TASK DIRECTIONS:
Transcribe the listing below in its entirety, exactly.

- - -

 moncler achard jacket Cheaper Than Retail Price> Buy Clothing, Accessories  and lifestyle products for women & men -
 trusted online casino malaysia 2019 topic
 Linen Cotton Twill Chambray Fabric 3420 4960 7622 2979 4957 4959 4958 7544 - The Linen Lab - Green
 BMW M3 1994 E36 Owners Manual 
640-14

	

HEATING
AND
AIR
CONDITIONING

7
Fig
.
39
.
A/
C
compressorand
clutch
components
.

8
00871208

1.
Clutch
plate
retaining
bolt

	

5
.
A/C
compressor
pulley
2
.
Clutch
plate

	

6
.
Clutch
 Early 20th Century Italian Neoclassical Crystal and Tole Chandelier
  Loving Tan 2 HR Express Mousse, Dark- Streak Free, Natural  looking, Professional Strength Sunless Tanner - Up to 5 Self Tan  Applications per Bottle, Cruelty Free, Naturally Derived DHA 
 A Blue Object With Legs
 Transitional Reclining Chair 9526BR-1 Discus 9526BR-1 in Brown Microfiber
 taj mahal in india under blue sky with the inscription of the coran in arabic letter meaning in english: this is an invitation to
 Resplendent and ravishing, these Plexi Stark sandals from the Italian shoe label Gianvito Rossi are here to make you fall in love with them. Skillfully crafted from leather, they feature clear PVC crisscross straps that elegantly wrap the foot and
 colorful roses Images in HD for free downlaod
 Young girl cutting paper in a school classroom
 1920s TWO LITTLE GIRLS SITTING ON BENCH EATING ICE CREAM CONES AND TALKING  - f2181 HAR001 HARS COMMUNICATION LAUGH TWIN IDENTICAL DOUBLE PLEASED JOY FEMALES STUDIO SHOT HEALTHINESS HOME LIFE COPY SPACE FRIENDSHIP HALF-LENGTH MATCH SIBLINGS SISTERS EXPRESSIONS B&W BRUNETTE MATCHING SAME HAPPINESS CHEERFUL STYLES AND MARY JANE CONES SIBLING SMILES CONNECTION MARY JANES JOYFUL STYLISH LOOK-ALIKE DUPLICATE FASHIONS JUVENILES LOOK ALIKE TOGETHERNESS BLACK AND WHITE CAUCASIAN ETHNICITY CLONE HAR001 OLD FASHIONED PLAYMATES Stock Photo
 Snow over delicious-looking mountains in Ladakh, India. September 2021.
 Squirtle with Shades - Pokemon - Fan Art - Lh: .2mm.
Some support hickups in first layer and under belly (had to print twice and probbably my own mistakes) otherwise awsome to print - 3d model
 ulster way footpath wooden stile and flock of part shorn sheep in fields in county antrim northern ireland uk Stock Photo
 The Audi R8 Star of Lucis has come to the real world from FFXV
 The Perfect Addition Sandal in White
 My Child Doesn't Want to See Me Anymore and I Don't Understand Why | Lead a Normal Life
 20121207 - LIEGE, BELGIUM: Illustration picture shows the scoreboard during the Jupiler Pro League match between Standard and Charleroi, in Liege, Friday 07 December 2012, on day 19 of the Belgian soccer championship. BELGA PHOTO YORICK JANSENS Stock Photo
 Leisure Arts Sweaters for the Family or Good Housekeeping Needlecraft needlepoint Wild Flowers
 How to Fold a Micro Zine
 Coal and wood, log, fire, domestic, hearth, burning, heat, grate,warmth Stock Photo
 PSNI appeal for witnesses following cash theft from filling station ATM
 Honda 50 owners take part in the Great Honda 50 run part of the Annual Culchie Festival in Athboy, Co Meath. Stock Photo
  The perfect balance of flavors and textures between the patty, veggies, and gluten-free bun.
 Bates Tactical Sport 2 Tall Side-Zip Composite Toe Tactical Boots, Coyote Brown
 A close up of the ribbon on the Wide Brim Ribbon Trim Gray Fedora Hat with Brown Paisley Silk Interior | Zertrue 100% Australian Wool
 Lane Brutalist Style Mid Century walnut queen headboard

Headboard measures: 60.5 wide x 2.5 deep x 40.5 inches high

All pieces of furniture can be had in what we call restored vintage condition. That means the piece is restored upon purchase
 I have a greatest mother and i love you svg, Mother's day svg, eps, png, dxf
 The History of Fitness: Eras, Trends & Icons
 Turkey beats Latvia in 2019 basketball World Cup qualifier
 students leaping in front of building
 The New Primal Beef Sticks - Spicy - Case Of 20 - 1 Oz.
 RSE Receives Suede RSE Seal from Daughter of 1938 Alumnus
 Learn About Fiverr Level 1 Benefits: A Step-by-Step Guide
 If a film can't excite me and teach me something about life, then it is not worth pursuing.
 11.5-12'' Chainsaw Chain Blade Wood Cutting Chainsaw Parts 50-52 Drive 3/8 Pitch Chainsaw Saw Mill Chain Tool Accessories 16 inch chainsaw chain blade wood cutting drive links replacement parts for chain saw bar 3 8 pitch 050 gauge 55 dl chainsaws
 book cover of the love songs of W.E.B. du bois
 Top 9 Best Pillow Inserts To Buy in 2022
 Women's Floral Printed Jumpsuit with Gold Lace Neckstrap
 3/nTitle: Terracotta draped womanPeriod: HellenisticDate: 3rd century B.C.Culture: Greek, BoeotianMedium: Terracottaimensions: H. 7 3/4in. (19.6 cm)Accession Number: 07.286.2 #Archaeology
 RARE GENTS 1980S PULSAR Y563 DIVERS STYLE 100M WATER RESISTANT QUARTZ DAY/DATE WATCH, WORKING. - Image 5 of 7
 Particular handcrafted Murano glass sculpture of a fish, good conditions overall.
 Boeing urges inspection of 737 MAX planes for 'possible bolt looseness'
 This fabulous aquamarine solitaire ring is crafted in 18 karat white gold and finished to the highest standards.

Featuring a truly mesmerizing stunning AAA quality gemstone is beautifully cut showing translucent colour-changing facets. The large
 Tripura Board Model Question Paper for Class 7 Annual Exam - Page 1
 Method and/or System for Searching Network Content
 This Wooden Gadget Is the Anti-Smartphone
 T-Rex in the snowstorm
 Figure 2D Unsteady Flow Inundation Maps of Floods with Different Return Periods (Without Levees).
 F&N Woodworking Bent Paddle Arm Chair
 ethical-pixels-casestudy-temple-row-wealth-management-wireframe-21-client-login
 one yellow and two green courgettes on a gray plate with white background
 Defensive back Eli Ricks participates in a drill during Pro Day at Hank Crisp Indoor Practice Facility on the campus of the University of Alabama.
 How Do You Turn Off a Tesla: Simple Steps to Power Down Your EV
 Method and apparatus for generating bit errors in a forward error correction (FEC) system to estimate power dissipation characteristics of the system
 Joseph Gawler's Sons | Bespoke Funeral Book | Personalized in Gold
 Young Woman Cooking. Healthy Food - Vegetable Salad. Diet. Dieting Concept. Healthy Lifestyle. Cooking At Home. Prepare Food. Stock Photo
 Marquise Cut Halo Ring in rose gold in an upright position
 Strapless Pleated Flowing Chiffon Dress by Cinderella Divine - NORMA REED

- - -

ANSWER TO THE PROBLEM:
 moncler achard jacket Cheaper Than Retail Price> Buy Clothing, Accessories  and lifestyle products for women & men -
 trusted online casino malaysia 2019 topic
 Linen Cotton Twill Chambray Fabric 3420 4960 7622 2979 4957 4959 4958 7544 - The Linen Lab - Green
 BMW M3 1994 E36 Owners Manual 
640-14

	

HEATING
AND
AIR
CONDITIONING

7
Fig
.
39
.
A/
C
compressorand
clutch
components
.

8
00871208

1.
Clutch
plate
retaining
bolt

	

5
.
A/C
compressor
pulley
2
.
Clutch
plate

	

6
.
Clutch
 Early 20th Century Italian Neoclassical Crystal and Tole Chandelier
  Loving Tan 2 HR Express Mousse, Dark- Streak Free, Natural  looking, Professional Strength Sunless Tanner - Up to 5 Self Tan  Applications per Bottle, Cruelty Free, Naturally Derived DHA 
 A Blue Object With Legs
 Transitional Reclining Chair 9526BR-1 Discus 9526BR-1 in Brown Microfiber
 taj mahal in india under blue sky with the inscription of the coran in arabic letter meaning in english: this is an invitation to
 Resplendent and ravishing, these Plexi Stark sandals from the Italian shoe label Gianvito Rossi are here to make you fall in love with them. Skillfully crafted from leather, they feature clear PVC crisscross straps that elegantly wrap the foot and
 colorful roses Images in HD for free downlaod
 Young girl cutting paper in a school classroom
 1920s TWO LITTLE GIRLS SITTING ON BENCH EATING ICE CREAM CONES AND TALKING  - f2181 HAR001 HARS COMMUNICATION LAUGH TWIN IDENTICAL DOUBLE PLEASED JOY FEMALES STUDIO SHOT HEALTHINESS HOME LIFE COPY SPACE FRIENDSHIP HALF-LENGTH MATCH SIBLINGS SISTERS EXPRESSIONS B&W BRUNETTE MATCHING SAME HAPPINESS CHEERFUL STYLES AND MARY JANE CONES SIBLING SMILES CONNECTION MARY JANES JOYFUL STYLISH LOOK-ALIKE DUPLICATE FASHIONS JUVENILES LOOK ALIKE TOGETHERNESS BLACK AND WHITE CAUCASIAN ETHNICITY CLONE HAR001 OLD FASHIONED PLAYMATES Stock Photo
 Snow over delicious-looking mountains in Ladakh, India. September 2021.
 Squirtle with Shades - Pokemon - Fan Art - Lh: .2mm.
Some support hickups in first layer and under belly (had to print twice and probbably my own mistakes) otherwise awsome to print - 3d model
 ulster way footpath wooden stile and flock of part shorn sheep in fields in county antrim northern ireland uk Stock Photo
 The Audi R8 Star of Lucis has come to the real world from FFXV
 The Perfect Addition Sandal in White
 My Child Doesn't Want to See Me Anymore and I Don't Understand Why | Lead a Normal Life
 20121207 - LIEGE, BELGIUM: Illustration picture shows the scoreboard during the Jupiler Pro League match between Standard and Charleroi, in Liege, Friday 07 December 2012, on day 19 of the Belgian soccer championship. BELGA PHOTO YORICK JANSENS Stock Photo
 Leisure Arts Sweaters for the Family or Good Housekeeping Needlecraft needlepoint Wild Flowers
 How to Fold a Micro Zine
 Coal and wood, log, fire, domestic, hearth, burning, heat, grate,warmth Stock Photo
 PSNI appeal for witnesses following cash theft from filling station ATM
 Honda 50 owners take part in the Great Honda 50 run part of the Annual Culchie Festival in Athboy, Co Meath. Stock Photo
  The perfect balance of flavors and textures between the patty, veggies, and gluten-free bun.
 Bates Tactical Sport 2 Tall Side-Zip Composite Toe Tactical Boots, Coyote Brown
 A close up of the ribbon on the Wide Brim Ribbon Trim Gray Fedora Hat with Brown Paisley Silk Interior | Zertrue 100% Australian Wool
 Lane Brutalist Style Mid Century walnut queen headboard

Headboard measures: 60.5 wide x 2.5 deep x 40.5 inches high

All pieces of furniture can be had in what we call restored vintage condition. That means the piece is restored upon purchase
 I have a greatest mother and i love you svg, Mother's day svg, eps, png, dxf
 The History of Fitness: Eras, Trends & Icons
 Turkey beats Latvia in 2019 basketball World Cup qualifier
 students leaping in front of building
 The New Primal Beef Sticks - Spicy - Case Of 20 - 1 Oz.
 RSE Receives Suede RSE Seal from Daughter of 1938 Alumnus
 Learn About Fiverr Level 1 Benefits: A Step-by-Step Guide
 If a film can't excite me and teach me something about life, then it is not worth pursuing.
 11.5-12'' Chainsaw Chain Blade Wood Cutting Chainsaw Parts 50-52 Drive 3/8 Pitch Chainsaw Saw Mill Chain Tool Accessories 16 inch chainsaw chain blade wood cutting drive links replacement parts for chain saw bar 3 8 pitch 050 gauge 55 dl chainsaws
 book cover of the love songs of W.E.B. du bois
 Top 9 Best Pillow Inserts To Buy in 2022
 Women's Floral Printed Jumpsuit with Gold Lace Neckstrap
 3/nTitle: Terracotta draped womanPeriod: HellenisticDate: 3rd century B.C.Culture: Greek, BoeotianMedium: Terracottaimensions: H. 7 3/4in. (19.6 cm)Accession Number: 07.286.2 #Archaeology
 RARE GENTS 1980S PULSAR Y563 DIVERS STYLE 100M WATER RESISTANT QUARTZ DAY/DATE WATCH, WORKING. - Image 5 of 7
 Particular handcrafted Murano glass sculpture of a fish, good conditions overall.
 Boeing urges inspection of 737 MAX planes for 'possible bolt looseness'
 This fabulous aquamarine solitaire ring is crafted in 18 karat white gold and finished to the highest standards.

Featuring a truly mesmerizing stunning AAA quality gemstone is beautifully cut showing translucent colour-changing facets. The large
 Tripura Board Model Question Paper for Class 7 Annual Exam - Page 1
 Method and/or System for Searching Network Content
 This Wooden Gadget Is the Anti-Smartphone
 T-Rex in the snowstorm
 Figure 2D Unsteady Flow Inundation Maps of Floods with Different Return Periods (Without Levees).
 F&N Woodworking Bent Paddle Arm Chair
 ethical-pixels-casestudy-temple-row-wealth-management-wireframe-21-client-login
 one yellow and two green courgettes on a gray plate with white background
 Defensive back Eli Ricks participates in a drill during Pro Day at Hank Crisp Indoor Practice Facility on the campus of the University of Alabama.
 How Do You Turn Off a Tesla: Simple Steps to Power Down Your EV
 Method and apparatus for generating bit errors in a forward error correction (FEC) system to estimate power dissipation characteristics of the system
 Joseph Gawler's Sons | Bespoke Funeral Book | Personalized in Gold
 Young Woman Cooking. Healthy Food - Vegetable Salad. Diet. Dieting Concept. Healthy Lifestyle. Cooking At Home. Prepare Food. Stock Photo
 Marquise Cut Halo Ring in rose gold in an upright position
 Strapless Pleated Flowing Chiffon Dress by Cinderella Divine - NORMA REED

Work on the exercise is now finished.